Я предлагаю ей помощь в выборе блюд, но тут подходит прыщавый официант с вопросом «что будете пить?», и Белла вдруг начинает жеманно расспрашивать его, что бы ей заказать «особенного, что она еще не пробовала», и что это за блюдо такое, и из чего приготовлено вон то, другое, и что бы он мог порекомендовать ей «из наиболее вкусненького на десерт». При этом она все время кокетливо улыбается, постреливая в смущенного паренька подведенными глазками и плавно поводит плечами, то и дело поправляя у себя на груди черную с люрексом кофточку.
Все это выглядит пошло и как-то уж очень… провинциально. Хотя определение это и не совсем точное: провинциальные одинокие дамочки ведут себя подобным образом все-таки с долей легкого юмора, и получается это у них даже как-то мило. Да и позволяют они себе так заигрывать с официантами, лишь когда находятся в ресторане одни, без кавалера или в чисто женской компании. И потому наш официант все время вопросительно поглядывает на меня, пока отвечает на вопросы моей спутницы, а затем с явным облегчением оставляет нас, как только я прошу его принести нам для начала по бокалу вина.

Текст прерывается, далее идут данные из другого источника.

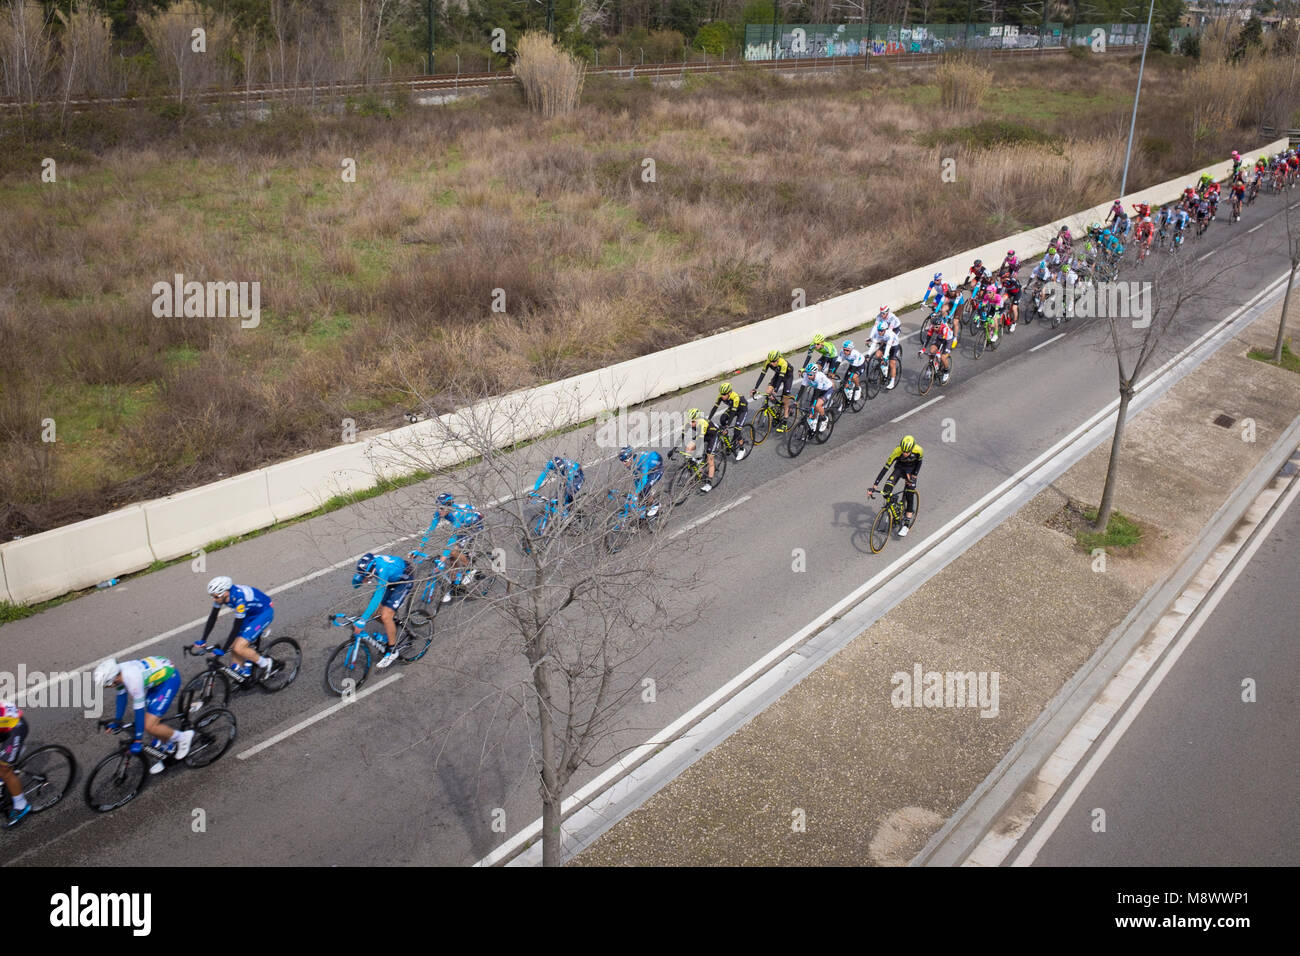 Sant Cugat del Valles, Spain. 20th March, 2018. Stage 2 of the Volta Catalunya 2018 cycle race passes through the outskirts of Sant Cugat del Valles, en route from Mataro to Valls. Credit: deadlyphoto.com/Alamy Live News Stock Photo

И тут мне снова приходит на ум слово «фальшь». Все это и впрямь смотрелось со стороны как нечто абсолютно фальшивое, а моя Изабелла, новоиспеченная москвичка, юрист, театралка, поклонница Пети Мамонова, панк-рока и классической музыки, повела вдруг себя как типичная озабоченная провинциалка после двух бокалов советского полусладкого шампанского. И первым безошибочно уловил это официант.
Немного выпив, мы продолжили наш фальшивый дружеский разговор.
И я все также не спрашиваю Беллу ни про ее работу, ни про ее личную жизнь, а она рассказывает мне о своих впечатлениях от прочитанных книг и просмотренных недавно фильмов, вспоминает что-то из нашего прошлого и нет-нет да и снова возвращается к тому, какой же я был тогда романтичный и славный, а после стал таким беспринципным и ужасным, что защищаю клоуна Жириновского, фашиста Лимонова и всяких-разных воров да бандитов.
Тут, правда, я иногда возражаю, объясняя ей, носящей в прокуратуре генеральские погоны, что Жириновский это серьезный, талантливый политик и широко образованный человек, а Лимонов — выдающийся русский писатель и человек энциклопедических знаний, и что они никакие не фашисты, не террористы, не клоуны и не враги нашего государства. И что любой адвокат защищает не преступников, но людей, обвиняемых в совершении преступлений. Однако возражаю вяло, без энтузиазма, а потом и вовсе перестаю: зачем объяснять взрослому человеку прописные истины?..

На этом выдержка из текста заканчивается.